Delving further, conformity assessment as a regulatory model depends on standardisation organisations and notified bodies for its efficacy. Broadly, providers that follow a standard developed by one of the European Standardisation Organisations do not need to interpret the essential requirements of the legislation but will instead simply be able to follow the relevant standard. The capacity problems in the EU’s system of regulation for this approach are ably described in the following article, but that is another matter. The GDPR’s attempt to kickstart a market in mechanisms loosely akin to such standards, that is, certification schemes, certification bodies, and codes of conduct for data protection has been one of its notable failures. Six years on from GDPR implementation, the rate of adoption by data controllers of such certification schemes and codes of conduct remains underwhelming and undoubtedly a disappointment to policymakers and market participants alike.
Conclusion
So why is the school of thought advocating data protection governance as a model for AI systems governance getting the traction it is? Notwithstanding its shaky assumptions about the legislative scheme of the AI Act (i.e. very different to that of the GDPR), it seems that, at a high level at least, some aspects of governance programmes probably do reflect business processes that do not change that much whatever their subject matter. It seems that, for now at least, organisations are quick to see the opportunity to increase the return on investment in frameworks that they have already developed (for GDPR) by recycling them for AI systems:
- It is realistic to conclude that AI governance cannot safely be parked with one function or role (e.g. the CIO) and left to thrive safely there without input and oversight from, in all likelihood, several other functions. The roles of the DPO’s office in data protection and the CIO, CISO, Legal, Compliance & Ethics, Internal Audit and the business do not seem so over-engineered after all.

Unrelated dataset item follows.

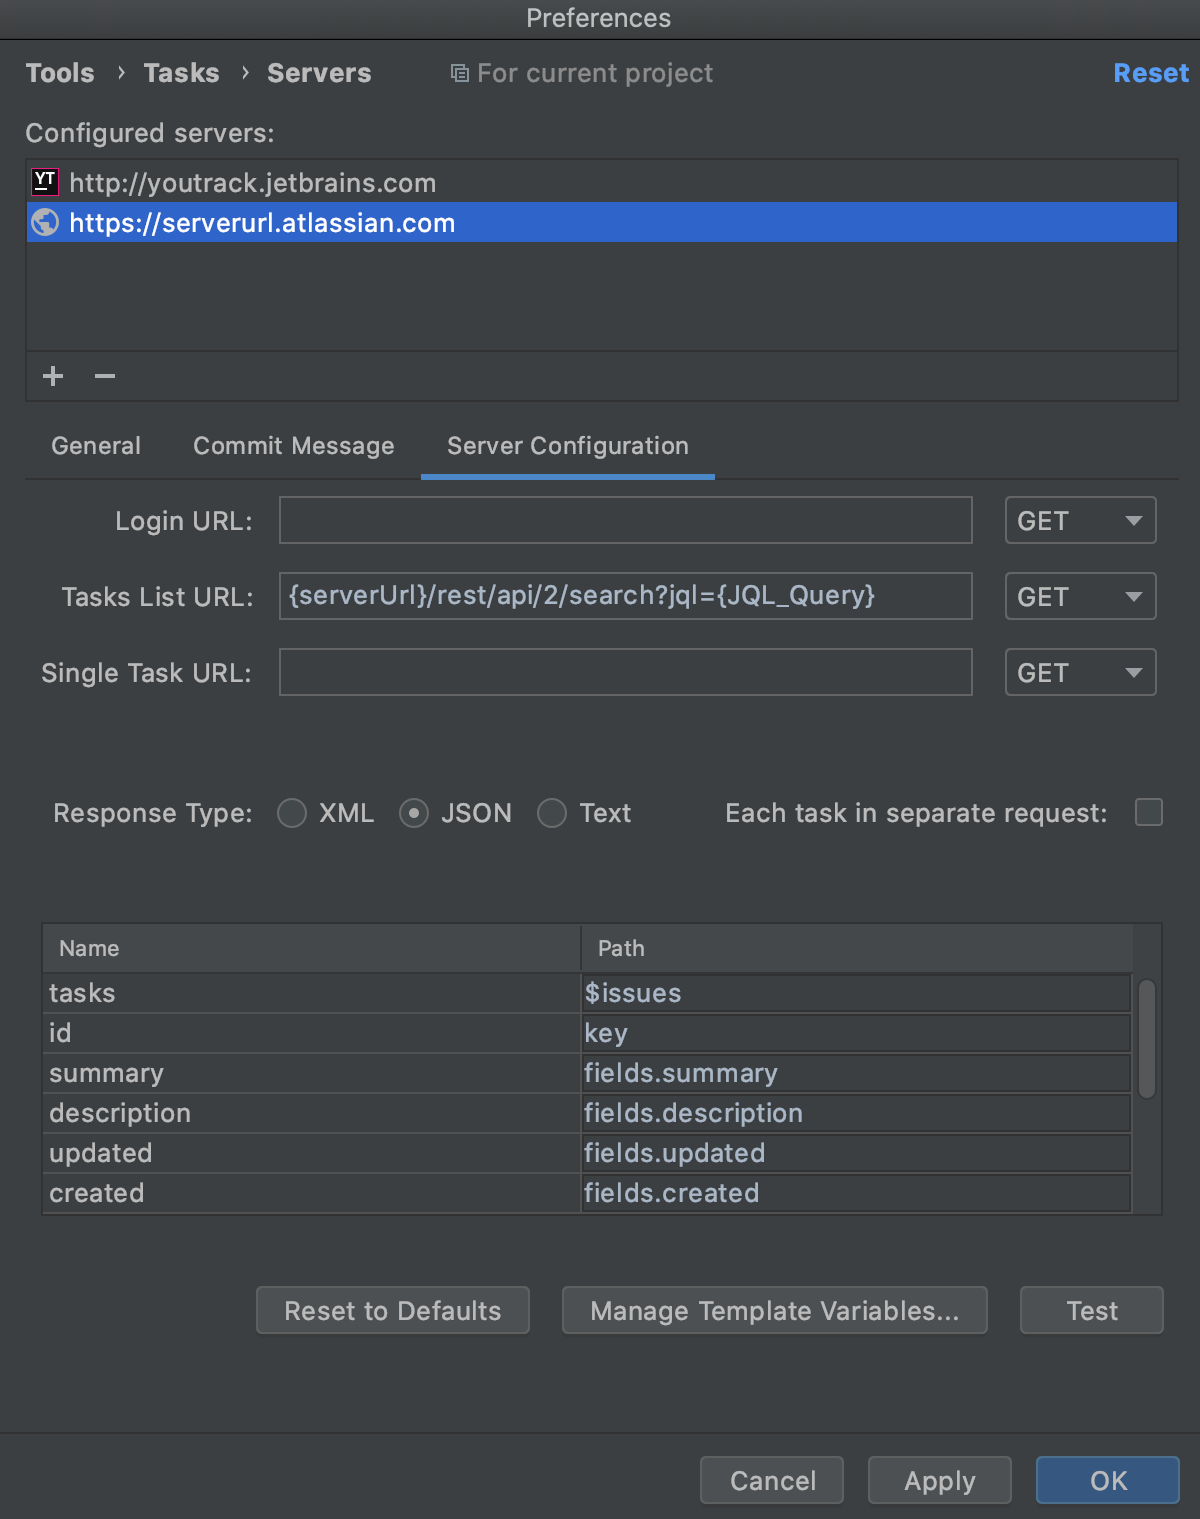 Configuring a response type and specifying selectors
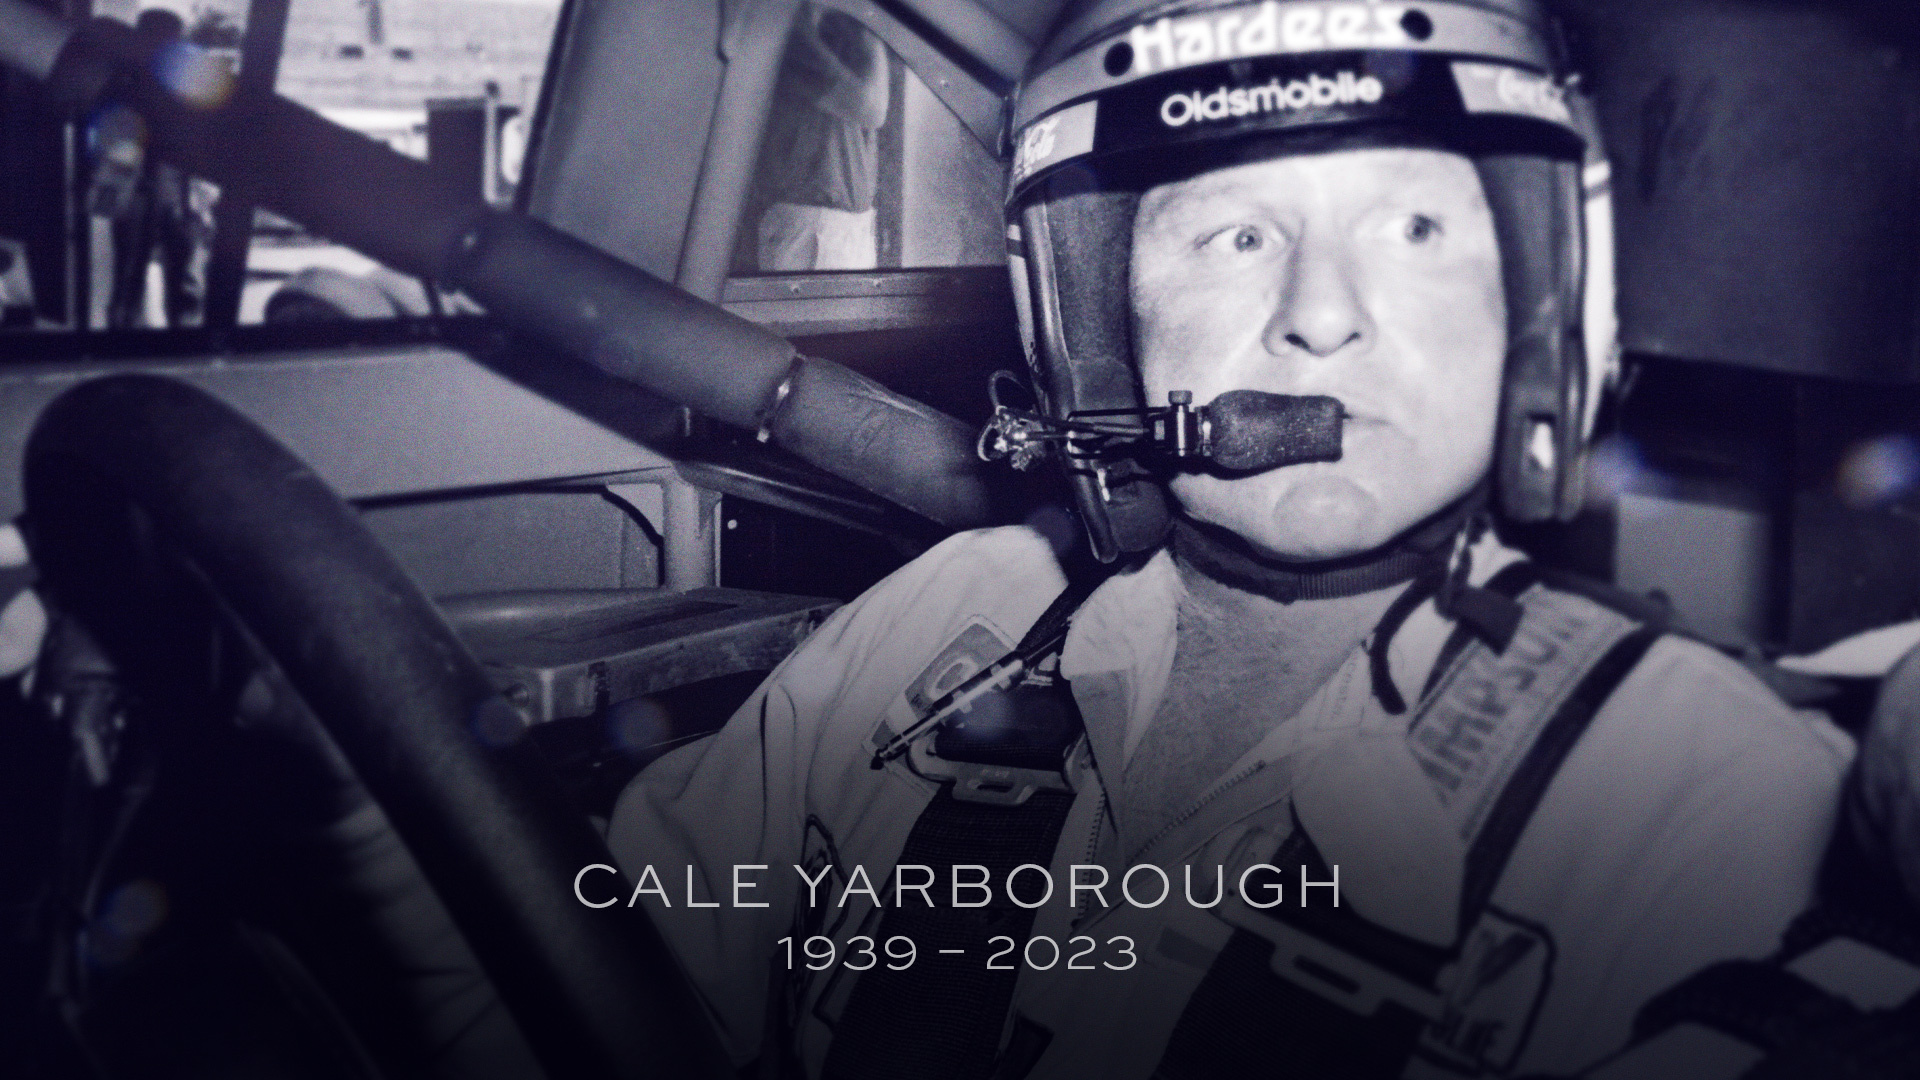 Cale Yarborough, NASCAR legend who won 3 straight titles, dies at age 84

- It does seem sensible for an organisation to make an inventory early on in its governance process of AI systems that: (a) it is already using internally; (b) it wishes to deploy in the near or medium term; and (c) that its suppliers are already using to deliver services to it (sometimes without having informed the client). Such inventories are, superficially at least, not unlike the data mapping and contract inventories maintained under GDPR.
- Documentation: perhaps this is one person’s icing on the cake and another’s “killer app”. What percentage of good governance is attributable simply to documenting your processes, your controls, your “guardrails” and your mission statement? Ask any data protection specialist and you will find documentation is crucial. The requirements of the AI Act, as we wait with bated breath for a deluge of guidance from the Commission, ENISA and other bodies over the coming 12 to 18 months, are very similar in this regard.